The 1996 Nobel Prize in Chemistry was awarded to R.F. Curl, H.W. Kroto,
and R.E. Smalley for their discovery of fullerenes in 1985 (see this
issue's lead story and also nanotechnology
news story). From the perspective of nanotechnology, fullerenes are
potentially useful as stiff building blocks for larger structures. The discovery
of fullerenes has led to a wide variety of work on their derivatives and
on similar materials. One related material that has attracted attention
is "nanotubes". Nanotubes are extended tubes of carbon with radii
of roughly 0.7nm. Smalley's lab has recently discovered a method for efficiently
producing single-wall nanotubes [C&EN74: 5-6 29Jul96].
They have also "found a way to use a single nanotube
as the tip of an atomic force microscope." If the atomic configuration
at the tip is as well-controlled as it is in C60 itself, this
would permit precise control of tips for both probing and fabricating molecular
structures with the microscope. More generally, the nanotubes are stiff,
and have small lateral dimensions, both desirable properties for components
for nanoscale machinery.
Another recently discovered material related to the fullerenes is a bowl-shaped
molecule, C36H12, discovered by L.T.Scott, M.S.Bratcher,
and S. Hagen [C&EN74: 8-9 16Sep96]. It consists of a
36 carbon fragment of the 60 carbon fullerene structure, with the dangling
bonds terminated with hydrogen atoms. Unlike the fullerenes, which are prepared
by vaporizing carbon under special conditions, these experimenters prepared
their compound from a well-defined precursor (decacyclene, C36H18).

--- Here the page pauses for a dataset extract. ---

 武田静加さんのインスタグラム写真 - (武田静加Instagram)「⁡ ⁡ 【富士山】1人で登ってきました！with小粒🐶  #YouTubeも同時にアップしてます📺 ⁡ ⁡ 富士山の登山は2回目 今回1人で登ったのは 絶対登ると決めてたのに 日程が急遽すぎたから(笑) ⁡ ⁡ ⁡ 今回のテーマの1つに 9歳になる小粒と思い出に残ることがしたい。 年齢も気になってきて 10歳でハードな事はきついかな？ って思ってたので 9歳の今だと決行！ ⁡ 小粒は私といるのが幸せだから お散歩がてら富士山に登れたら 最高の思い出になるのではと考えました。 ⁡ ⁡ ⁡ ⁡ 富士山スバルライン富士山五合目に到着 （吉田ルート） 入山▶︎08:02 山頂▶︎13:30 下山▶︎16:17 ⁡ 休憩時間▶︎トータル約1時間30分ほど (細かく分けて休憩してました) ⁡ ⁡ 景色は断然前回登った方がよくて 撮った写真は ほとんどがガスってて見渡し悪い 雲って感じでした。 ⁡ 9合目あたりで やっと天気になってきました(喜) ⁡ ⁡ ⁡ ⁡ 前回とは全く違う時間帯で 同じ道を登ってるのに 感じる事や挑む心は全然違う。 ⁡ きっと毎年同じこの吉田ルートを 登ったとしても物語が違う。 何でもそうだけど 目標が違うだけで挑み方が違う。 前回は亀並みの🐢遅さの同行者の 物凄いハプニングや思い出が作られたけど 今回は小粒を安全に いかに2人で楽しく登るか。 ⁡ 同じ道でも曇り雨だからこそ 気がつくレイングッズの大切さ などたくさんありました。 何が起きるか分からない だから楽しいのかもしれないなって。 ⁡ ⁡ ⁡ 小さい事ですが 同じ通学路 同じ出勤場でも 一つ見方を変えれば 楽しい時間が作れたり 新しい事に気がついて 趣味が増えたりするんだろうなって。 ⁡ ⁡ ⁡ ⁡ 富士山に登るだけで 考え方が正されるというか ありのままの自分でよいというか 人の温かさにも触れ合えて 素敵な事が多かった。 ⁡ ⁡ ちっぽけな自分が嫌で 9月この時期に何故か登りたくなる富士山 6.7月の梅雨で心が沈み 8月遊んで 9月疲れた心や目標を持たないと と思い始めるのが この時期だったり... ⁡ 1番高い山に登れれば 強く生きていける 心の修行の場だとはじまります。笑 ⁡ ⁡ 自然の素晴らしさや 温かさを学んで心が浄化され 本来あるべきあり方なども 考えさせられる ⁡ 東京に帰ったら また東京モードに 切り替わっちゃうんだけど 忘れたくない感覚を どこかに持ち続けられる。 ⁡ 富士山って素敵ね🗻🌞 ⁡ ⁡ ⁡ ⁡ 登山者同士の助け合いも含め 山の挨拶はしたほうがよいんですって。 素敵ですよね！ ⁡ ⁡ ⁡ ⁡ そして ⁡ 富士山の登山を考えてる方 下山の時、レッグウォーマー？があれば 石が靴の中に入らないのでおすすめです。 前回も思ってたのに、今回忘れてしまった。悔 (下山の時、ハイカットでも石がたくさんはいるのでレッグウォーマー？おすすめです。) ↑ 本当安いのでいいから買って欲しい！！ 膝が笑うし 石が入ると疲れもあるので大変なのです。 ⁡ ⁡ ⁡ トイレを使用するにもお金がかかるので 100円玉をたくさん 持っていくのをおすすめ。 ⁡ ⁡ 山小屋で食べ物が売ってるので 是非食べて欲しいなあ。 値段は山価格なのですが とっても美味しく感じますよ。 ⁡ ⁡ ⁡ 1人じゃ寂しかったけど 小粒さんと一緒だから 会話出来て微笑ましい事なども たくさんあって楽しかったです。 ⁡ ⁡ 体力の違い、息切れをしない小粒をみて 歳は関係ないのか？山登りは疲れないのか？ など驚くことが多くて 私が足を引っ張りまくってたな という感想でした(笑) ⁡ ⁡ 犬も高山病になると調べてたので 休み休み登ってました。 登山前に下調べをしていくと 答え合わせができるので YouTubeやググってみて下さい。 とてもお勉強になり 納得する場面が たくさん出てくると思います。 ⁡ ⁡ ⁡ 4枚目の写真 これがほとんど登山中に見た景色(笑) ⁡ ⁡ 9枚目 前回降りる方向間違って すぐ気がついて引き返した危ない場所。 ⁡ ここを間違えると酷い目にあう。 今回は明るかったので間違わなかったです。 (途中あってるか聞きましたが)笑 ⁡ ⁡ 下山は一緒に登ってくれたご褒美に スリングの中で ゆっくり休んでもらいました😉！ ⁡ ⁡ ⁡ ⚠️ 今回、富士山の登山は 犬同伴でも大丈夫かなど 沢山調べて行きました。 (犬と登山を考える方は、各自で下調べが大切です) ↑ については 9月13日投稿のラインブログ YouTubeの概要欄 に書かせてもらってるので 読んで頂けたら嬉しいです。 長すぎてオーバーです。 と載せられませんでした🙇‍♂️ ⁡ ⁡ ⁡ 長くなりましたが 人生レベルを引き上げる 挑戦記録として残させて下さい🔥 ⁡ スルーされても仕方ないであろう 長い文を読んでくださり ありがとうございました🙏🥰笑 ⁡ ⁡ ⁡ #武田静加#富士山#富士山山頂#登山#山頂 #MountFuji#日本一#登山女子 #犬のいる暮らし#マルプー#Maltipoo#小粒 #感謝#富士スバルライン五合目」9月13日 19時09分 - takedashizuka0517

All but three of the bonds present in the final compound are already present
in the precursor. It seems reasonable that a variety of related structures
(borazine-like ones, for instance, with BN pairs substituted for adjacent
carbon atoms) might be synthesized via this route. This spectrum of rigid,
carbon-rich, well-defined structures could be useful as building blocks
for nanostructures.
In [C&EN74: 30-37 16Sep96] J.H. Krieger covers a large
number of developments in chemical software. A good deal of the article
covered WWW and user interface issues, but there were some descriptions
of advances in underlying capabilities as well. Tripos introduced a technology
called "ChemSpace",
which allows searches for compounds with various characteristics which are
synthetically accessible. According to the article: "because of the
way ChemSpace designs a database, it won't be generating compounds with
interesting structures but which are synthetically inaccessible. Because
the reaction that builds any compound is known and the reagents are known,
it is possible for a company to make the compound using that reaction and
those reagents." Since one of the major criticisms of theoretical work
in nanotechnology has been that we do not have the synthetic capability
to enable experimental tests of the theoretical predictions in the near
future, ChemSpace may be helpful in discovering accessible structures which
permit some of these experimental tests.
Jeffrey Soreff is a researcher at IBM with an interest in nanotechnology.